Whenever A.M. Best, Standard & Poor’s, Moody’s or Fitch drop an insurance company’s rating below an A, businesses become worried that an insurance company might not have enough capital to pay their claims. To reassure the risk managers of these businesses, insurers often seek cut-throughs from their reinsurers.
A cut-through is an endorsement to a reinsurance agreement that requires the reinsurer, in the event of the ceding company’s insolvency, to pay a loss covered under the reinsurance agreement directly to the insured or its beneficiary. The endorsement gets its name because reinsurance claim payments “cut through” the usual route of payment from reinsured company-to-policyholder, substituting instead payment of reinsurer-to-policyholder. A cut-through affects the payment only, and does not increase the risk to the reinsurer. Most cut-throughs are provided only for property, almost never for casualty, unless the cut-through can be limited to claims on a yearly basis.

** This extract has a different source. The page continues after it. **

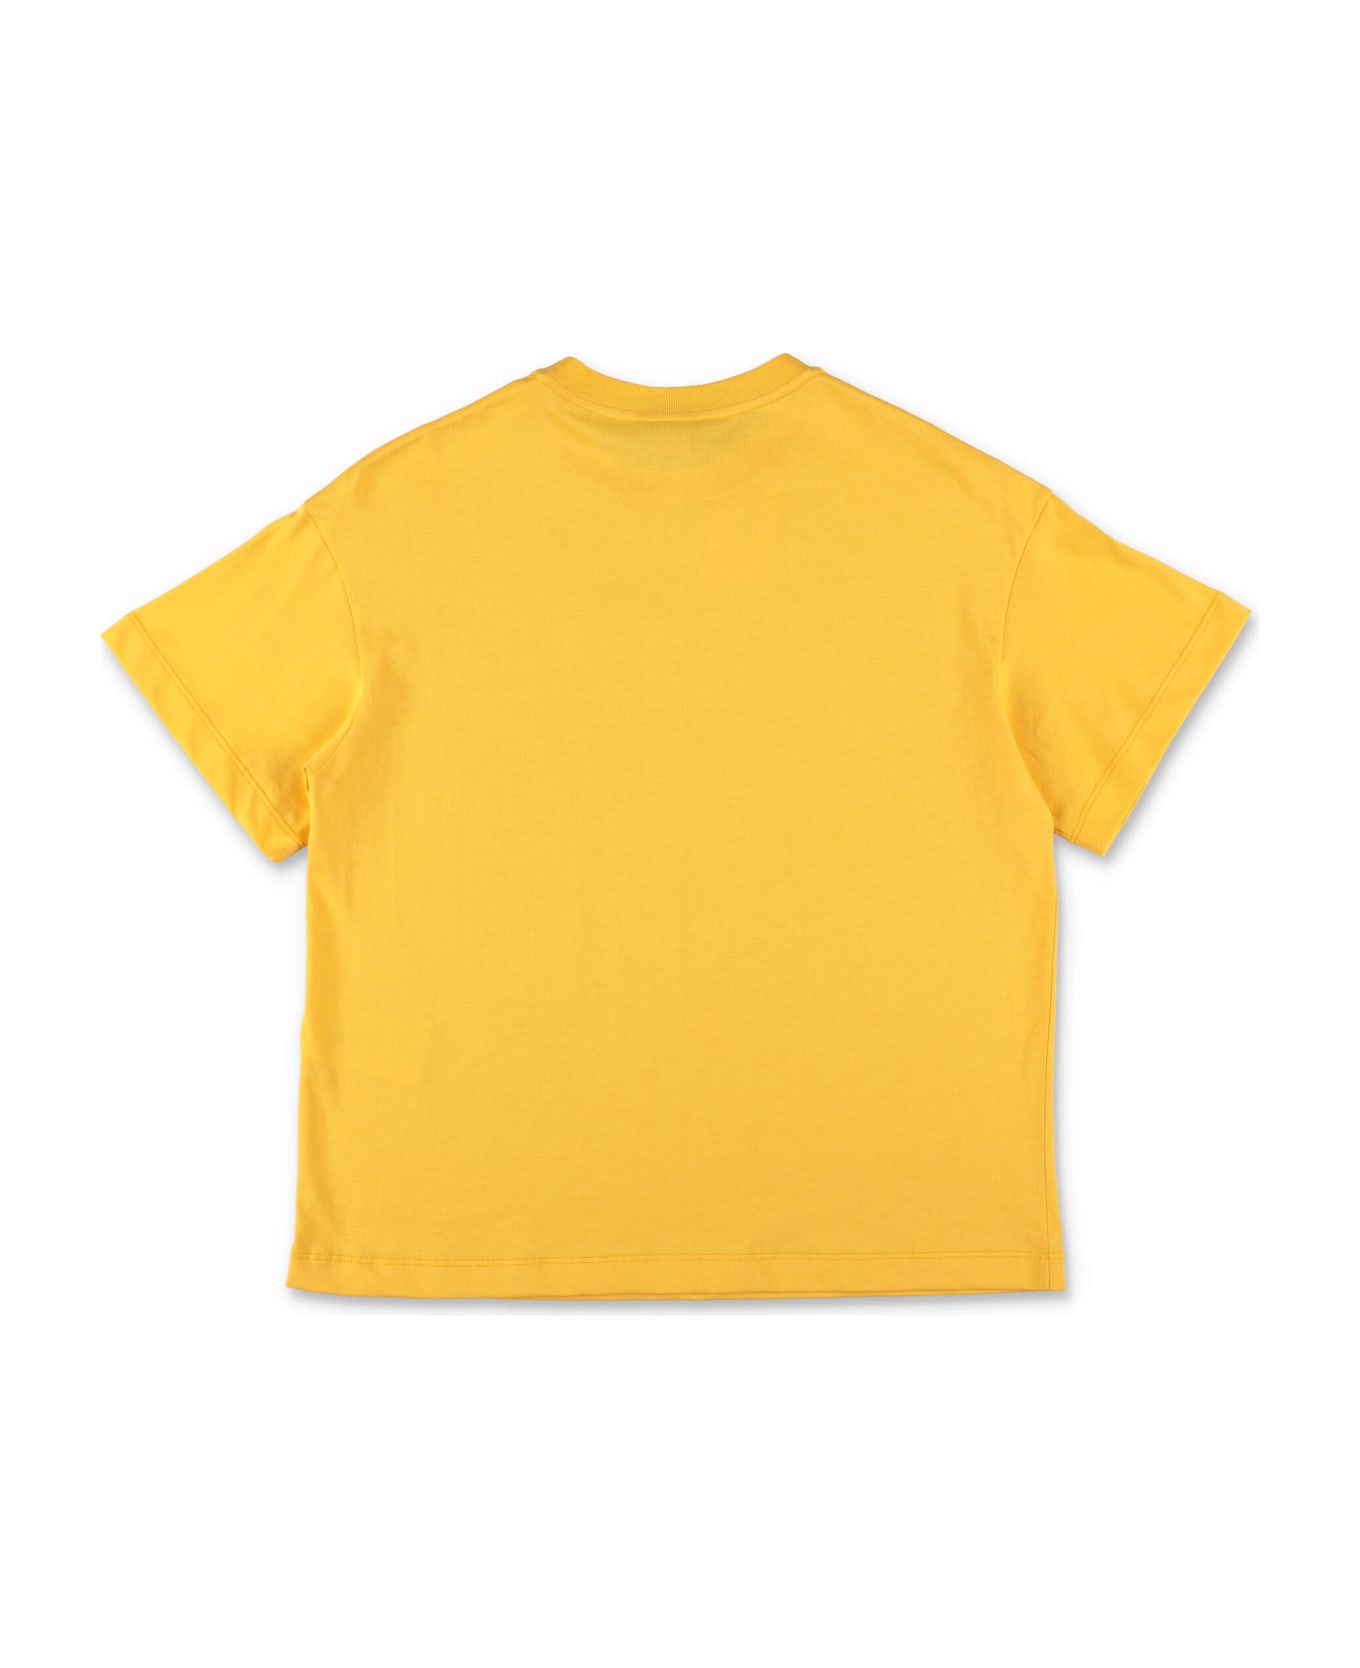 Fendi T-shirt Gialla In Jersey Di Cotone Bambino - Giallo Tシャツ＆ポロシャツ

Those insurance companies that get a cut-through from reinsurers are borrowing the size and rating of their reinsurers. A cut-through permits the insured or its beneficiary to collect insurance proceeds directly from the reinsurer if the insurer becomes insolvent. The insured does not have to wait for the liquidator of the insolvent insurer to pay claims, usually paid at a discount, which could take years.
A cut-through can be written on a blanket basis, where the reinsurer assumes liability for a complete line, or for specific policies. The fee or surcharge paid to the reinsurer can vary considerably, depending on how urgent the primary insurance company needs the cut-through and how willing the reinsurer is to consent to the plea.

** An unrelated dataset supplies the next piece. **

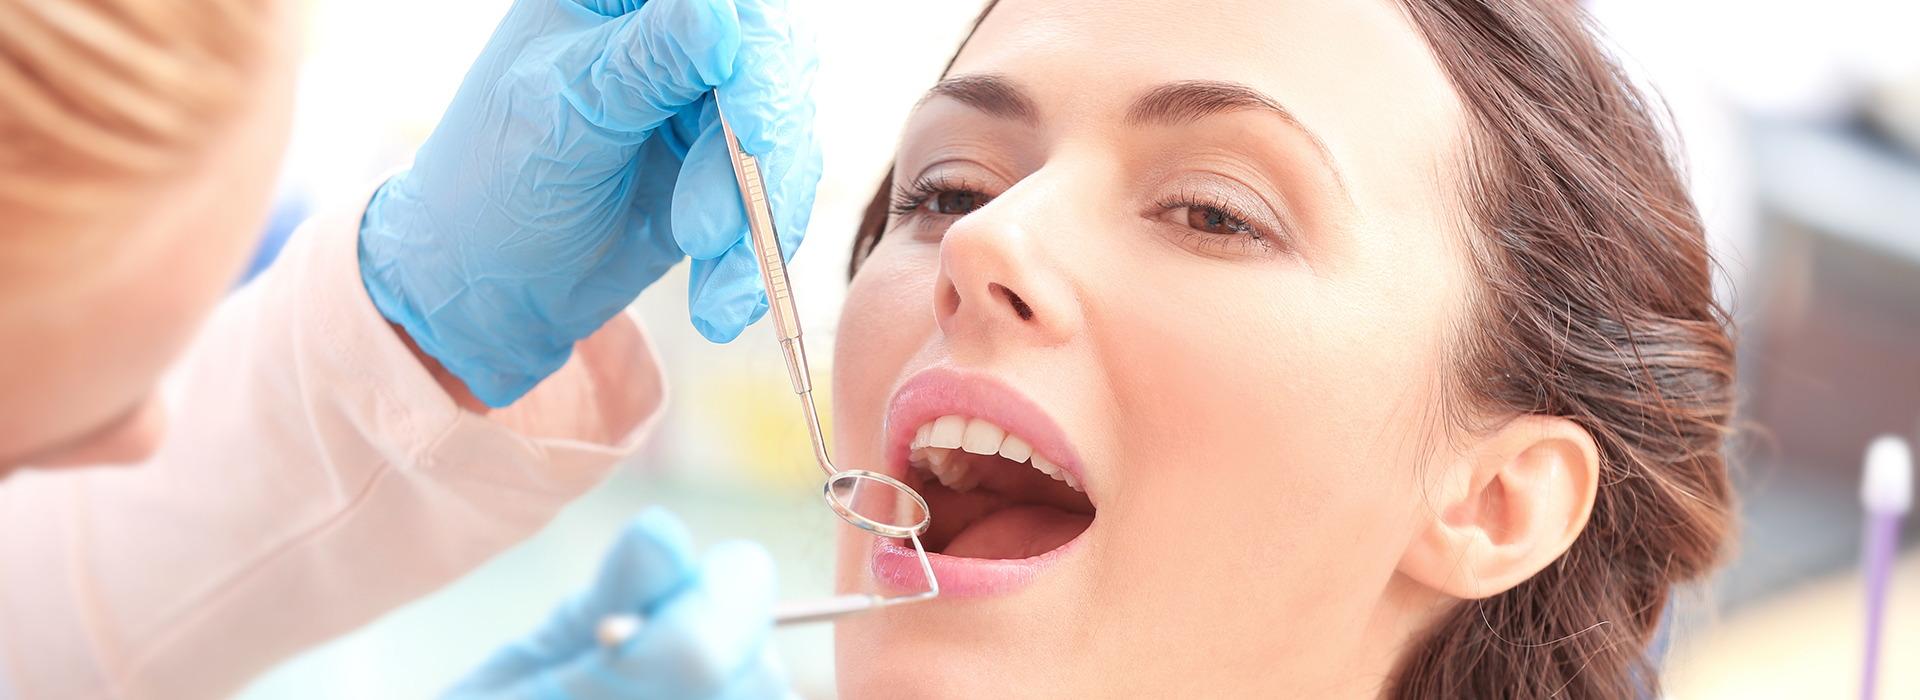 1Smile Dental | Oral Cancer Screening, Dentures and Sedation Dentistry
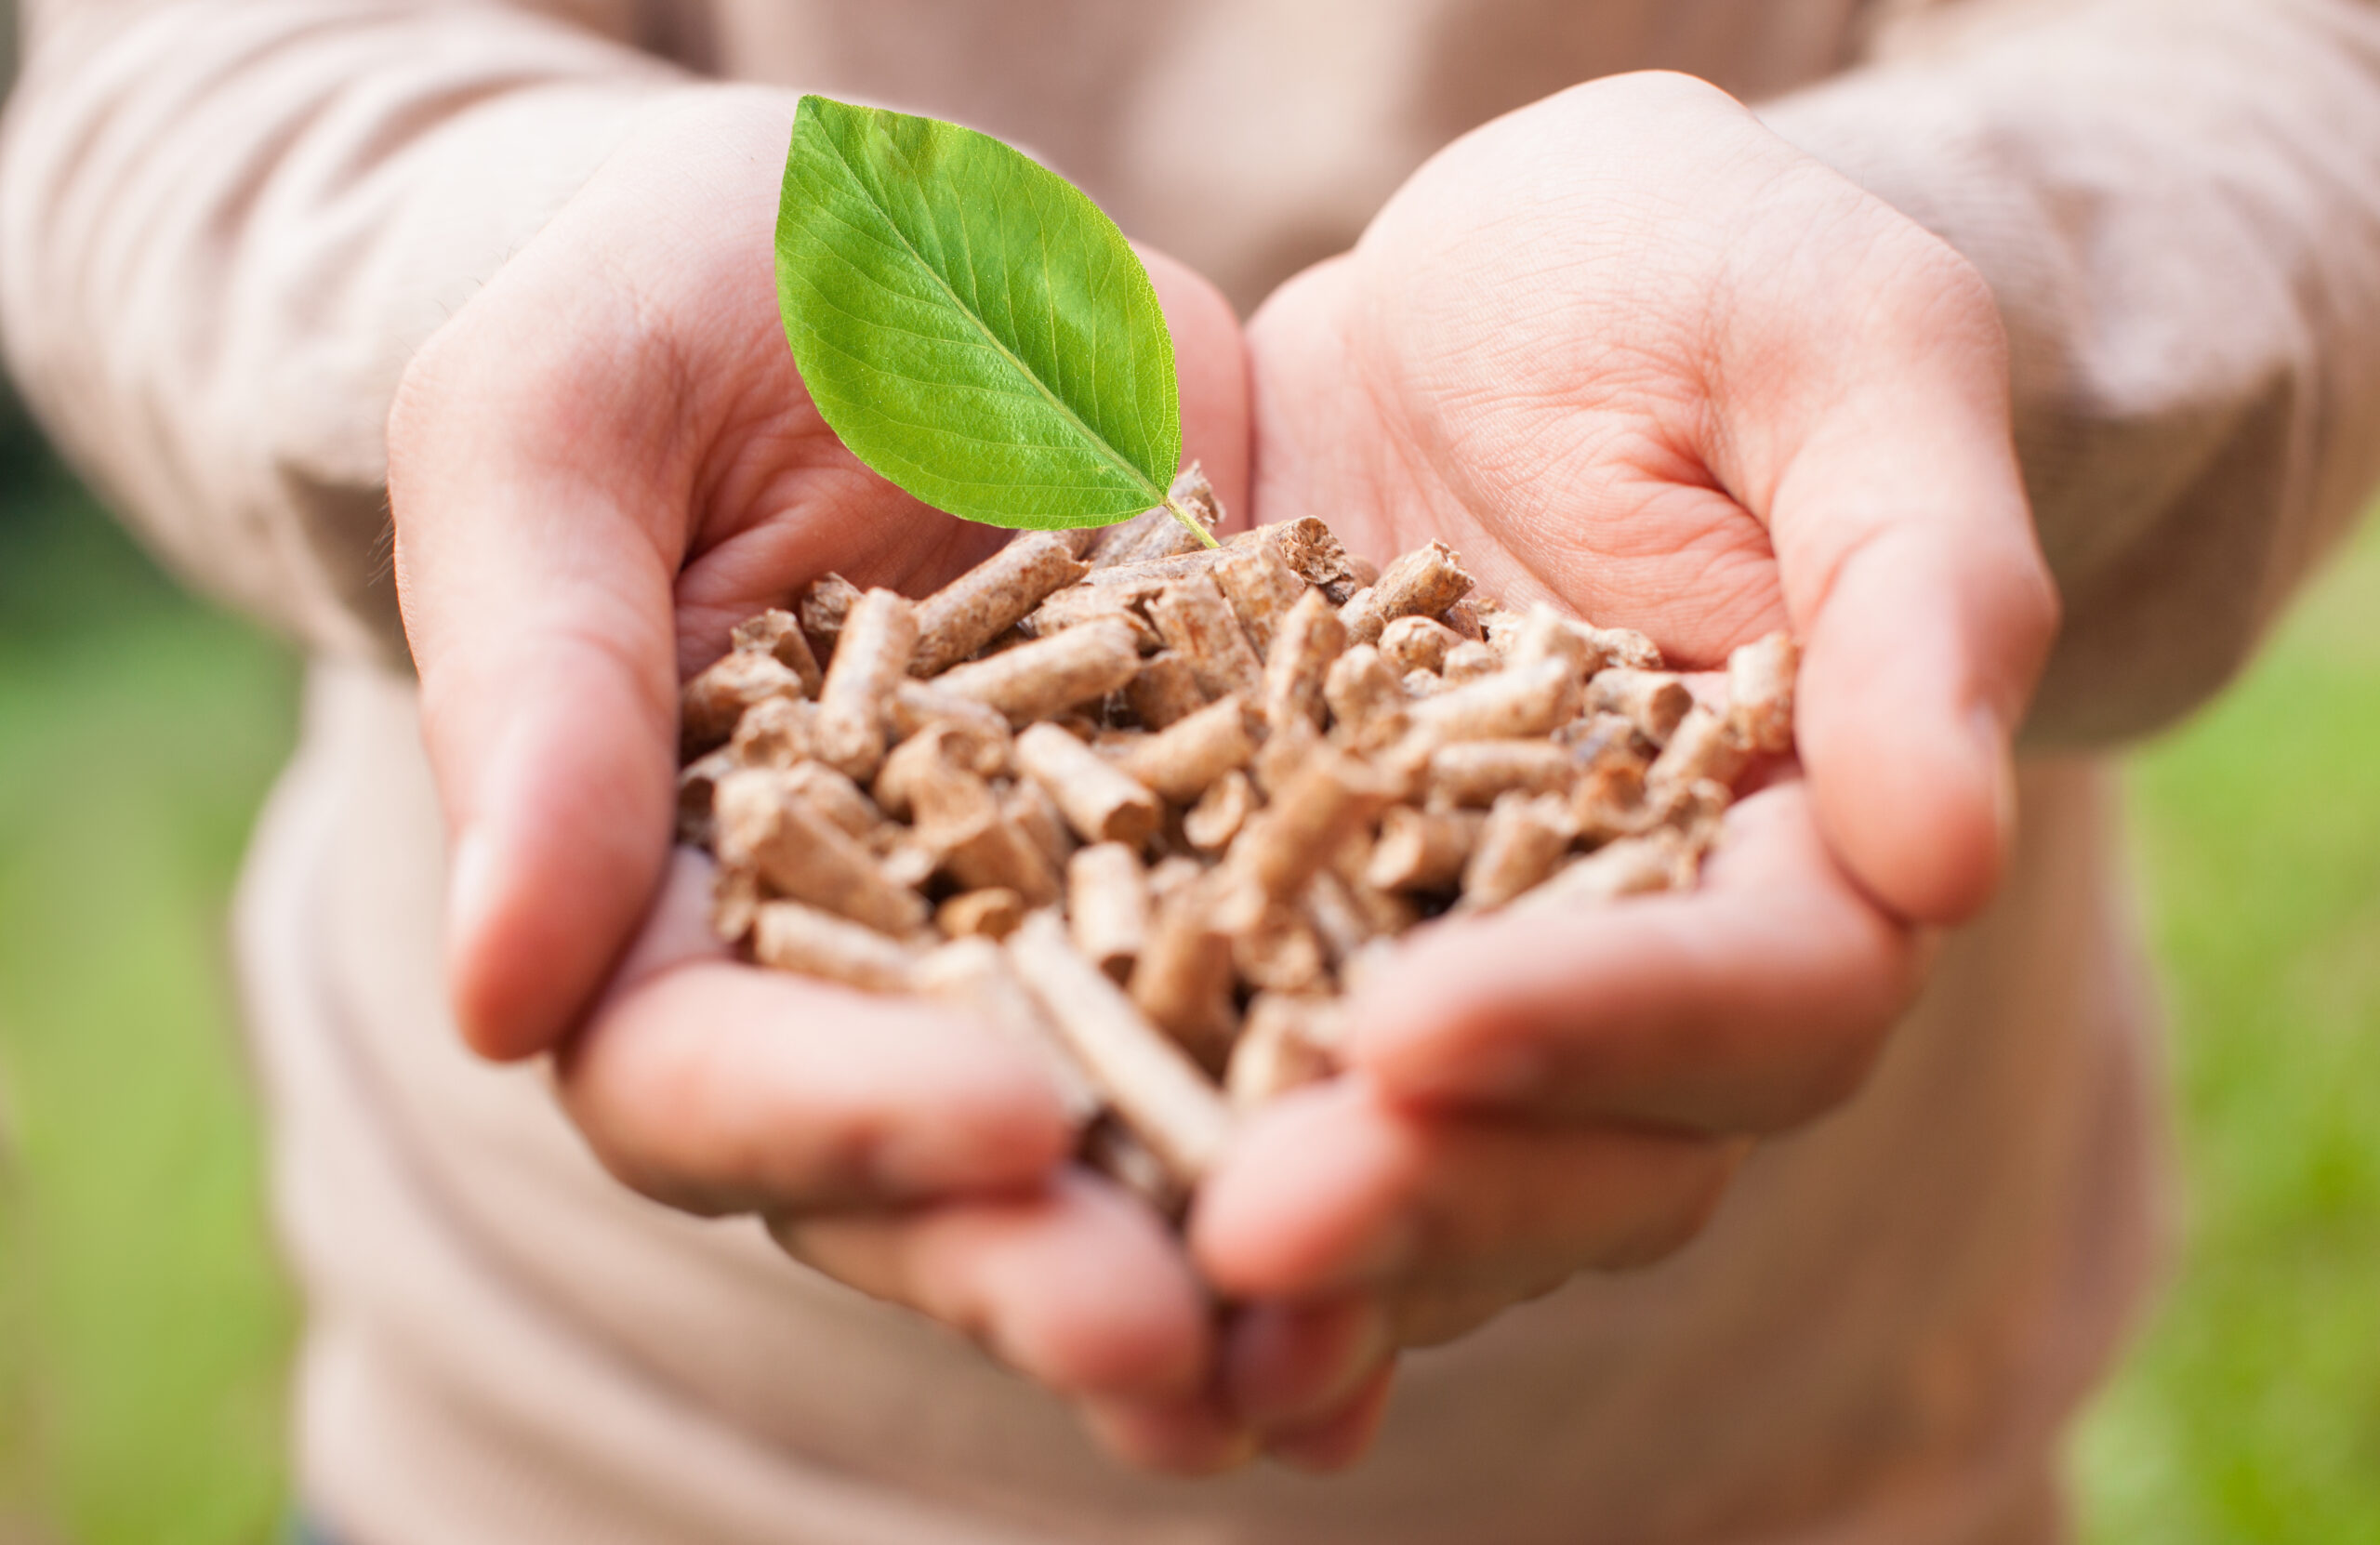 Biomasse: cosa sono e come funzionano

Because of the continuing hard insurance market, obtaining a cut-through is difficult for a downgraded insurer. One reason for the difficulty is in the event of an insurer insolvency, the reinsurer has to become involved with adjusting claims. Because reinsurers don’t handle claims directly, they would have to hire a third party.
Further complicating the cut-through provision is determining which policies have the cut-through and which do not in the event of insolvency. Sometimes, records of the insolvent insurer can be incomplete or missing, and the reinsurer has to spend considerable expense to determine which claims are to be paid to the receiver and which to the beneficiary of a cut-through. If the accounting is not carefully fulfilled, the reinsurer may pay the same claim twice.

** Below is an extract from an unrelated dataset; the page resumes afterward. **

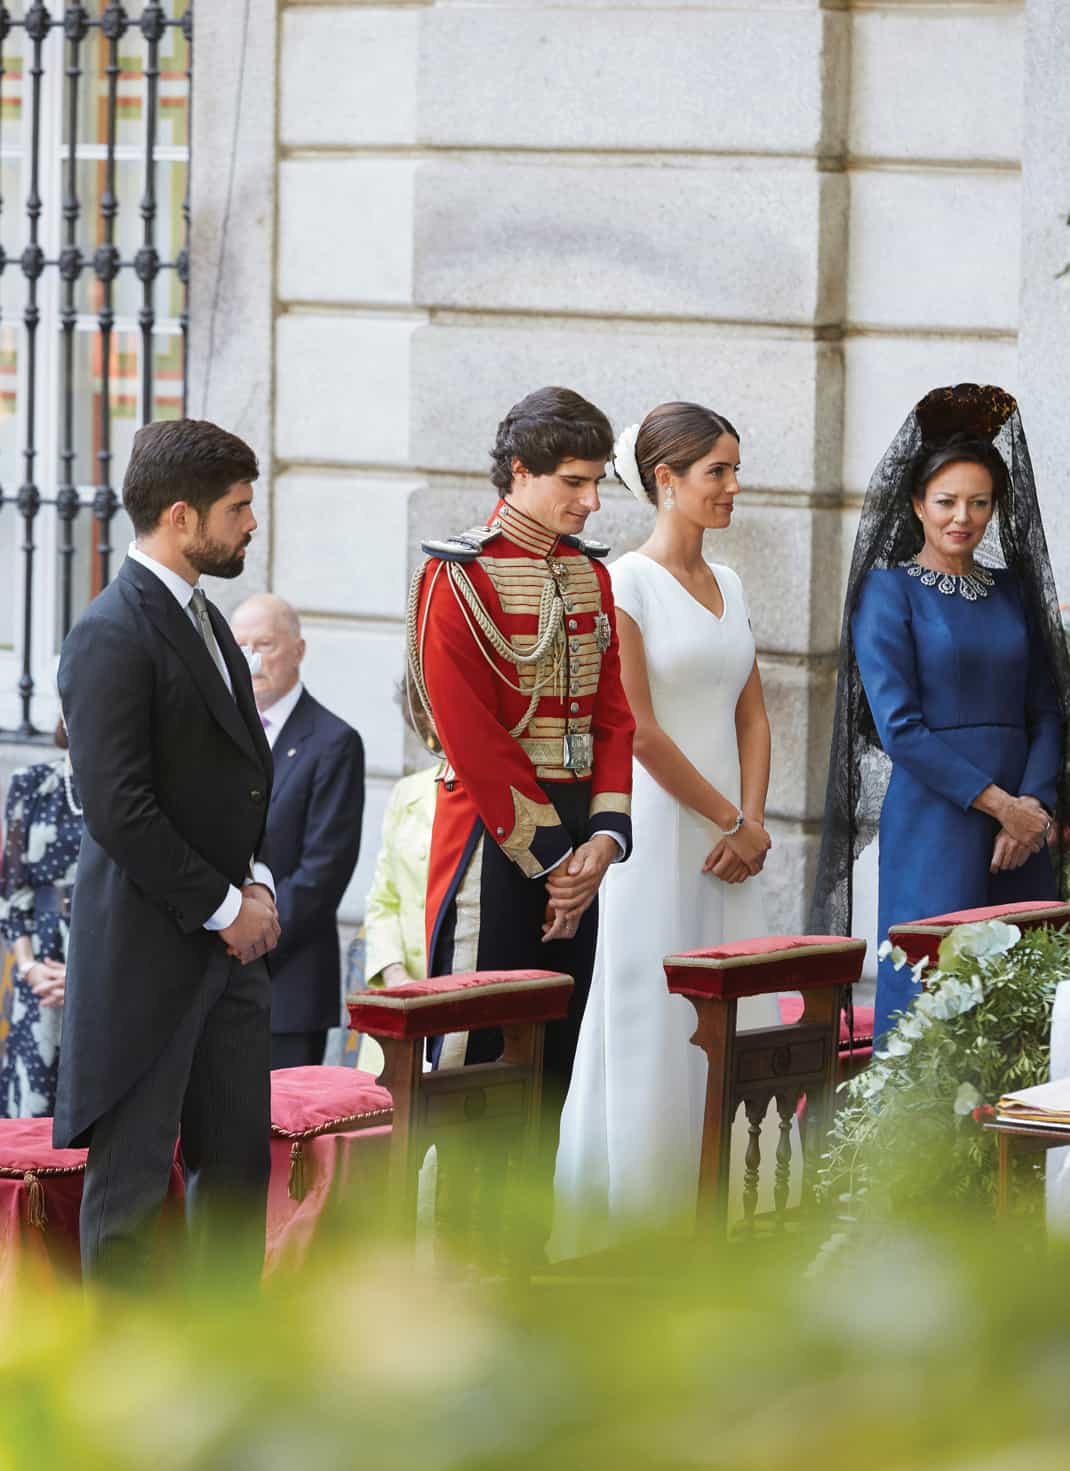 Imagen de la boda de Fernando Fitz James y Sofía Palazuelo (EFE)

State insurance regulators are opposed to cut-throughs, arguing they give an unfair preference to sophisticated insurers and third parties at the expense of consumers and should not be enforced. The officials contend that reinsurers have a statutory obligation to pay reinsurance proceeds to the receiver of an insolvent insurance company.
Almost every state requires that reinsurance contracts contain an “insolvency clause” if the cedent is to receive financial statement credit for the reinsurance. An insolvency clause obligates the reinsurer to pay claims to the receiver of the cedent without diminution due to the insolvency of the cedent. A guiding principle of receiverships of insolvent insurers is that all creditors of the same class are treated equally. Ordinarily, this means all policyholders and loss payees would be paid the same proportion of their allowed losses.
But in some states, the “insolvency clause” contains language allowing payment of reinsurance proceeds directly to the insured if there are cut-through provisions. This difference can cause conflicts between contractual cut-throughs and receivership policy and case law on the other.